CHELSEA MANNING FREE ON 17 MAY 2017

CELEBRATING HER AND OUR VICTORY

By Hanna Demel, Queer Strike and Benoit Martin, Payday men’s network

Once again, Queer Strike and Payday are inviting the public to take action for transgender woman whistleblower Chelsea Manning.

This time, however, it’s to celebrate her release from prison on Wednesday 17 May.  Her initial 35-year sentence for disclosing classified information on war crimes and corruption was commuted by former President Obama (who had prejudiced the original case in 2011) after she had already served seven years.

On International Day against Homophobia, Transphobia and Biphobia, we will gather at 5.30pm at St.Martin-in-the-Fields in London (next to Trafalgar Square) to mark this ultimate victory of a seven-year campaign. At 7pm, Peace News will have a party at Housmans Bookshop.

Other actions will take place in at least 20 town and cities – from Auckland, New Zealand to Berlin, Dublin and San Francisco.

Some commentators have said the commutation was a “gift” from President Obama. It was not.

It was the culmination of relentless campaigns by Chelsea, her legal team and an international network of supporters. 

International campaigns got Chelsea out of Quantico, where she was detained in 2010 under torturous conditions, including  humiliating daily strip search.

Similar campaigns forced the military to drop the charge of “aiding the enemy” with its potential capital punishment and later won her rights as a transgender woman in jail, including hormone therapy.

For seven years, there were petitions, meetings and protests by multiple groups and individuals. People packed the courts, while others demonstrated in front of US embassies.  International days of action brought together hundreds in tens of countries and thousands in the US.

 

The Chelsea Manning Support Network collected $1.5 million from 25,000 individuals in the years leading up to and during Chelsea’s trial in 2013.  

 

Why was the support for Chelsea so vital that it became unshakeable?

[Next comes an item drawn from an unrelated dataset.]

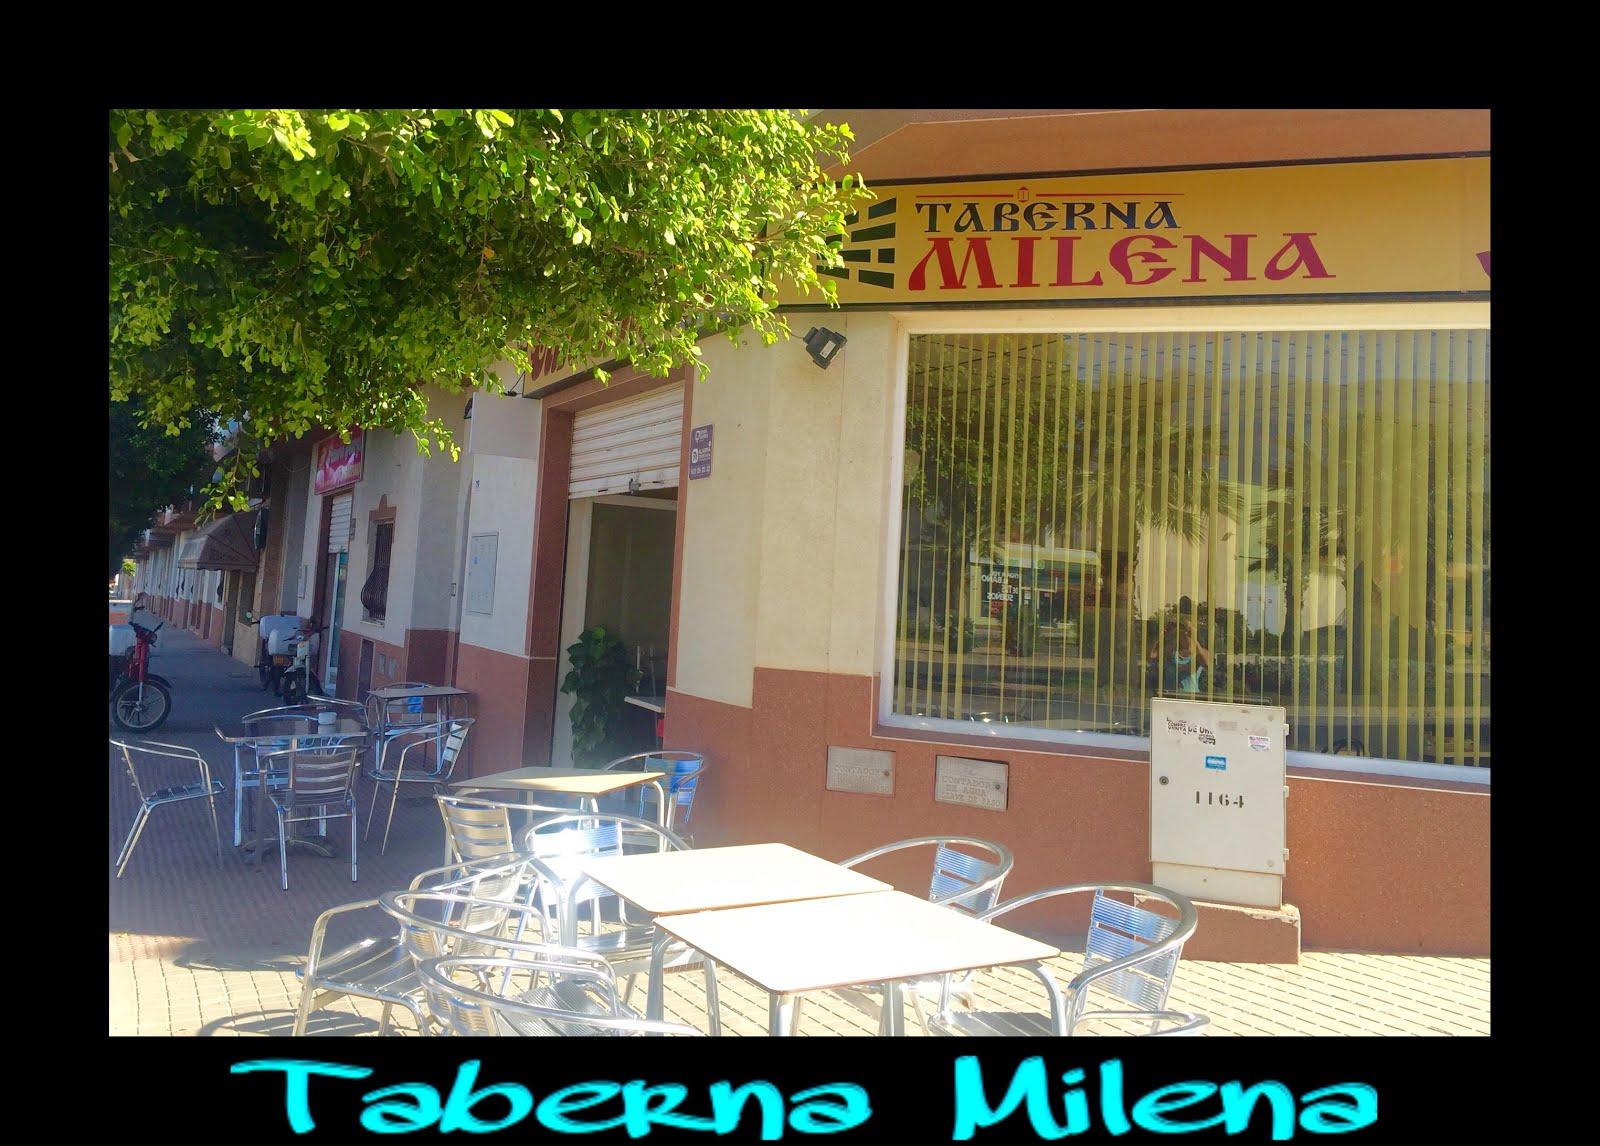 Taberna Milena
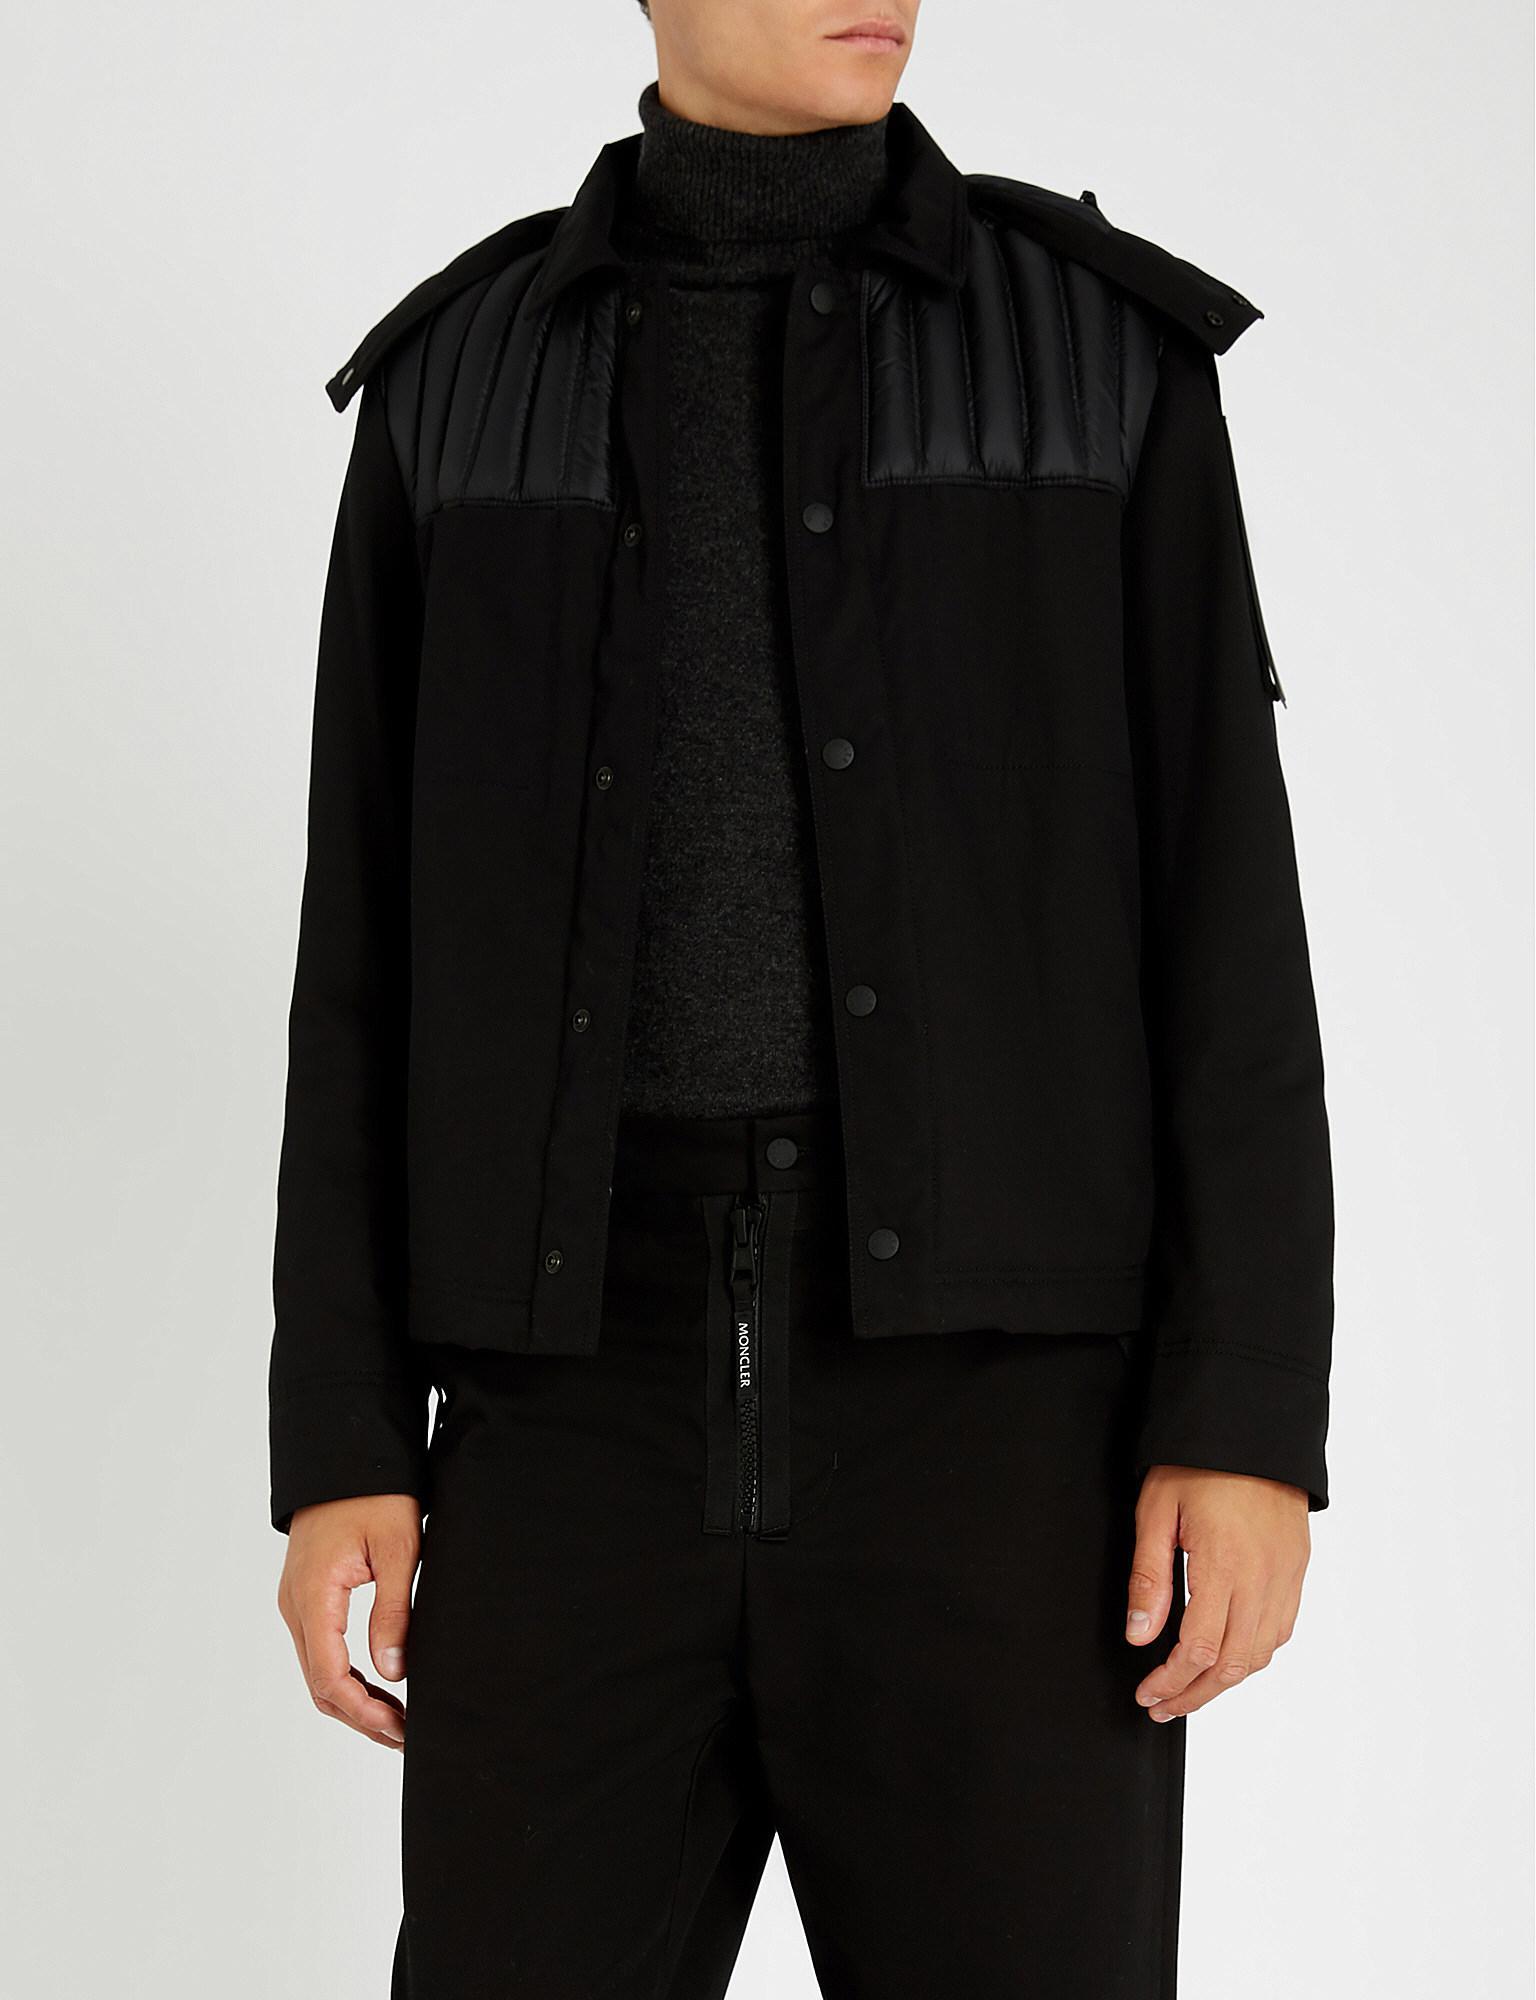 30990ba434c0 Moncler 5 Craig Green Cotton-canvas Jacket in Black for Men - Lyst

Firstly, the information Chelsea made available was invaluable. The gratuitous murders and rapes of civilians by the US military and allies in Iraq and Afghanistan were laid bare – some soldiers became refuseniks as a result. Tunisians learned about dictator Ben Ali’s corruption sparking the Arab Spring. The people of Haiti got proof of US government’s interference against increasing the obscenely low minimum wage in their country. Palestinians learned that Israel consulted with Egypt and the Palestinian Authority before the 2008 devastation of Gaza. And so on.

Secondly, Chelsea’s determination was an encouragement for many, in particular the lgbtq+ and whistleblower movements. As a high profile transgender woman, her going on hunger strike and surviving solitary punishment, has strengthened the visibility and power of  transgender communities. And  she really put  the movement of whistleblowers on the map. Edward Snowden has acknowledged she encouraged him to do what he did.

Through campaigning for Chelsea, we met Eileen Chubb, founder of Compassion in Care and a care home whistleblower. She has supported several thousands of whistleblowers in the UK.  These have disclosed abuse and corruption in hospitals, detention centres, social services, care homes, banks, etc. and have been persecuted for their courageous action, losing jobs, income, relationships.

In supporting Compassion in Care’s demand for “Edna’s Law”, legislation that would protect whistleblowers and make it a criminal offence not to investigate their genuine concerns, we are continuing the work Chelsea started seven years ago and whistleblowers before her.

It is also urgent to defend Wikileaks who made public Chelsea’s disclosures. The US attorney general has declared the arrest of its founder Julian Assange is now a “priority”, at a time when Trump is making torture “legal”.

So there is much still to do.  But let us meanwhile celebrate the sweet victory of Chelsea’s freedom.